文字部分特定部４９は、ノイズ判定部４８の処理を経た文字領域データベースを記憶部１２から読出して、当該文字領域データベースに含まれる文字領域（文字領域の座標情報そのもの）、または当該文字領域内の黒画素部分（文字領域の座標情報と、黒画素部分からなるビットマップ情報）を文字部分として特定し、当該文字部分を特定する情報（文字部分特定情報）を記憶部１２に格納する。制御部１１は、この時点で記憶部１２に格納されている、基本矩形関係データベースや行矩形関係データベースを削除してもよい。 The character part specifying unit 49 reads the character area database that has undergone the processing of the noise determination unit 48 from the storage unit 12, and the character area included in the character area database (the coordinate information of the character area itself) or the character area database A black pixel portion (character area coordinate information and bitmap information including a black pixel portion) is specified as a character portion, and information (character portion specifying information) for specifying the character portion is stored in the storage unit 12. The control unit 11 may delete the basic rectangle relationship database and the row rectangle relationship database stored in the storage unit 12 at this time.

このように、本実施の形態における文字抽出部２２は、文字から行、行から領域へと段階的に文字領域を画定し、当該画定した文字領域内の行の状態に基づいて文字列が含まれているかを判断し、文字列が含まれていないと判断される場合には、さらに行内（文字単位）の状態に基づいて文字が含まれているかを判断することとしている。尤も、本実施の形態におけるレイアウト処理はこれに限られるものではなく、その他広く知られたレイアウト処理を用いても構わない。 As described above, the character extraction unit 22 in the present embodiment demarcates a character area step by step from a character to a line and from a line to an area, and includes a character string based on the state of the line in the delimited character area. If it is determined that the character string is not included, it is further determined whether the character is included based on the state in the line (character unit). However, the layout processing in the present embodiment is not limited to this, and other well-known layout processing may be used.

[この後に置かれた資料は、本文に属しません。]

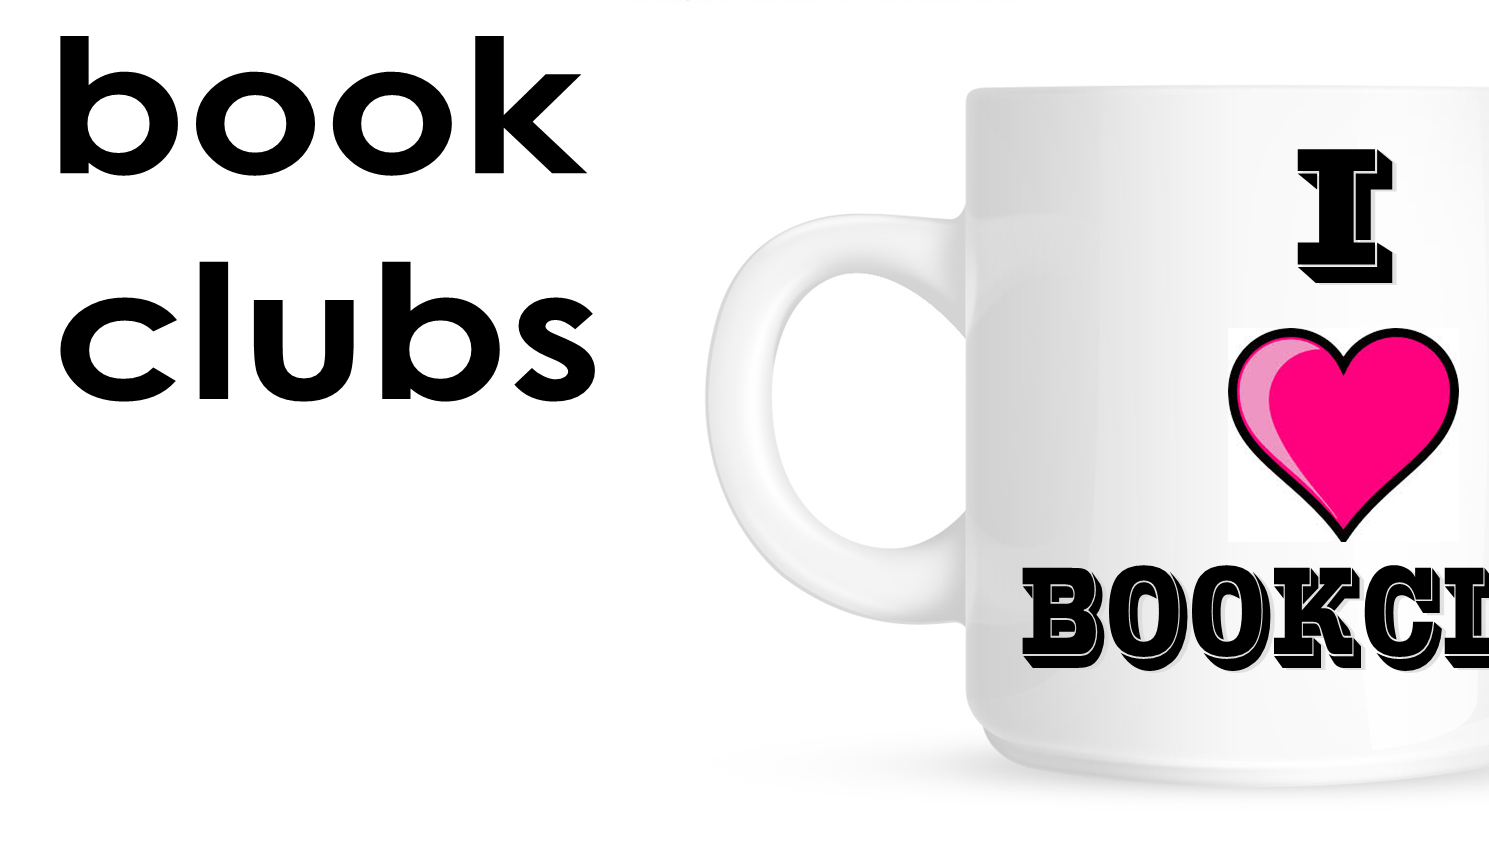 book clubs

本実施形態において特徴的なことの一つは、いわゆるＴ／Ｉ分離処理においてレイアウト解析を用いて文字部分を抽出することとしていることである。これによって文字部分の抽出精度を向上させることができる。 One characteristic of this embodiment is that a character portion is extracted using layout analysis in so-called T / I separation processing. Thereby, the extraction accuracy of the character part can be improved.

文字抽出部２２は、文字部分特定部４９にて特定した文字部分について、それぞれ固有の領域識別子（以下、ラベルデータと呼ぶ）を生成し、このラベルデータと、対応する文字領域を画定するための座標情報（頂点座標の情報等）とを関連づけて記憶部１２に文字領域データベースとして格納する。 The character extraction unit 22 generates a unique region identifier (hereinafter referred to as label data) for each character part specified by the character part specification unit 49, and delimits the label data and the corresponding character region. Coordinate information (vertex coordinate information and the like) is associated with each other and stored in the storage unit 12 as a character area database.

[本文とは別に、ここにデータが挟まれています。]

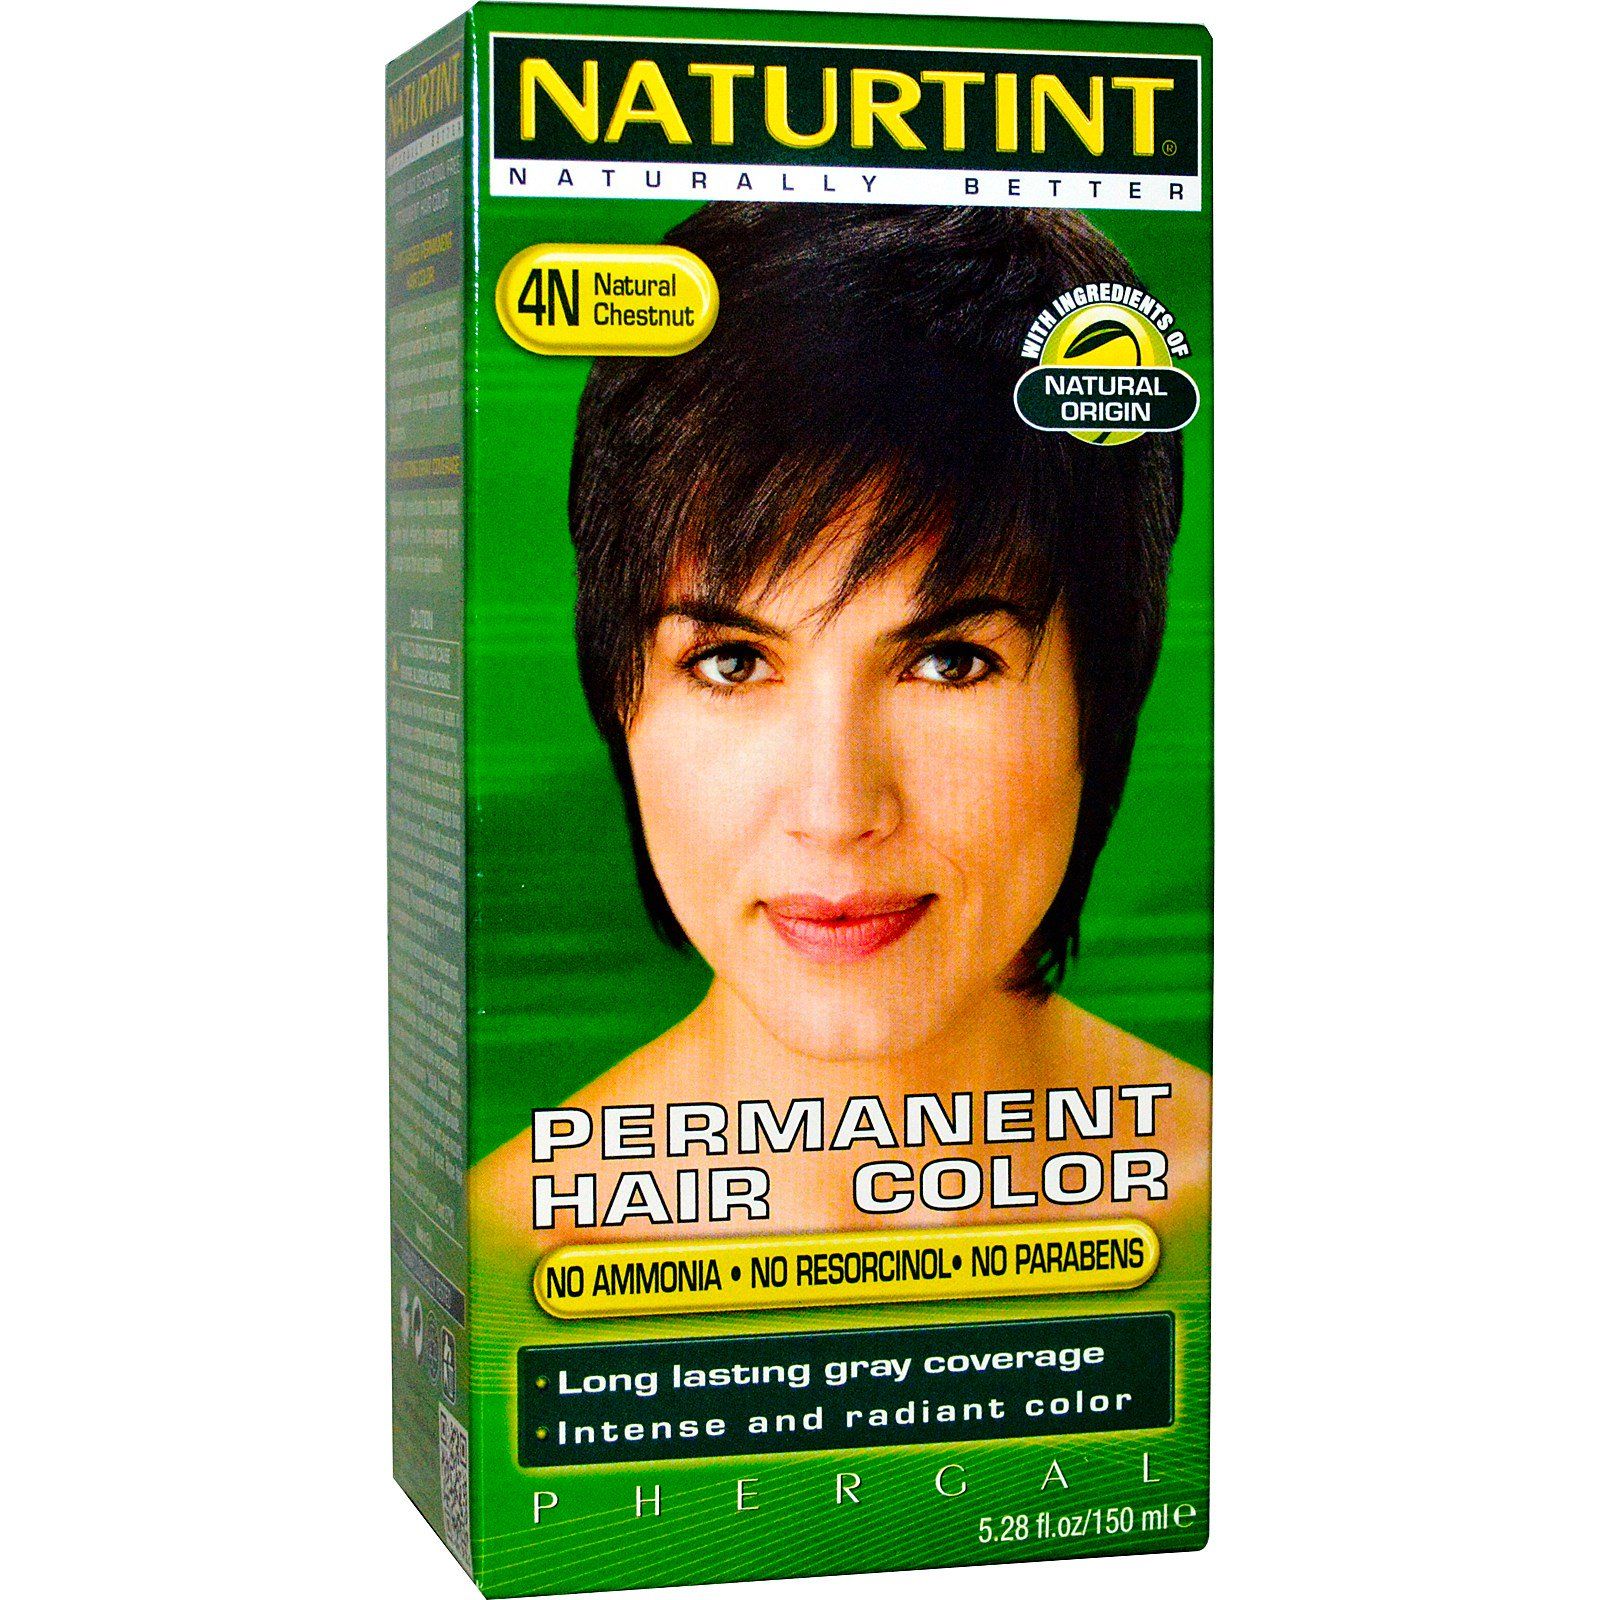 Naturtint Стойкая краска для волос 4N Натуральный каштан 5,28 жидкой унции (150 мл) стойкая краска для волос 4n натуральный каштан 155мл naturtint

色数判定部２３は、記憶部１２の文字領域データベースに格納されている文字領域の各々について、同一の色の部分を特定するマスク画像データを生成する。 The number-of-colors determination unit 23 generates mask image data that specifies the same color portion for each character region stored in the character region database of the storage unit 12.

本実施の形態における色数判定部２３は、図７に示すように、文字色数判定部５１と、背景色数判定部５２とを含んで構成されている。 As shown in FIG. 7, the color number determination unit 23 in the present embodiment includes a character color number determination unit 51 and a background color number determination unit 52.

文字色数判定部５１は、記憶部１２に格納された文字領域の座標情報を参照し、それらを順次注目文字領域として選択しながら、注目文字領域内の基本矩形に含まれる有意画素（文字画像部分を表す画素塊群）に対応する、元画像データの画素値に基づいて文字色数をカウントする。 The character color number determination unit 51 refers to the coordinate information of the character area stored in the storage unit 12 and selects the significant pixels (character image) included in the basic rectangle in the target character area while sequentially selecting them as the target character area. The number of character colors is counted based on the pixel value of the original image data corresponding to the pixel block group representing the portion).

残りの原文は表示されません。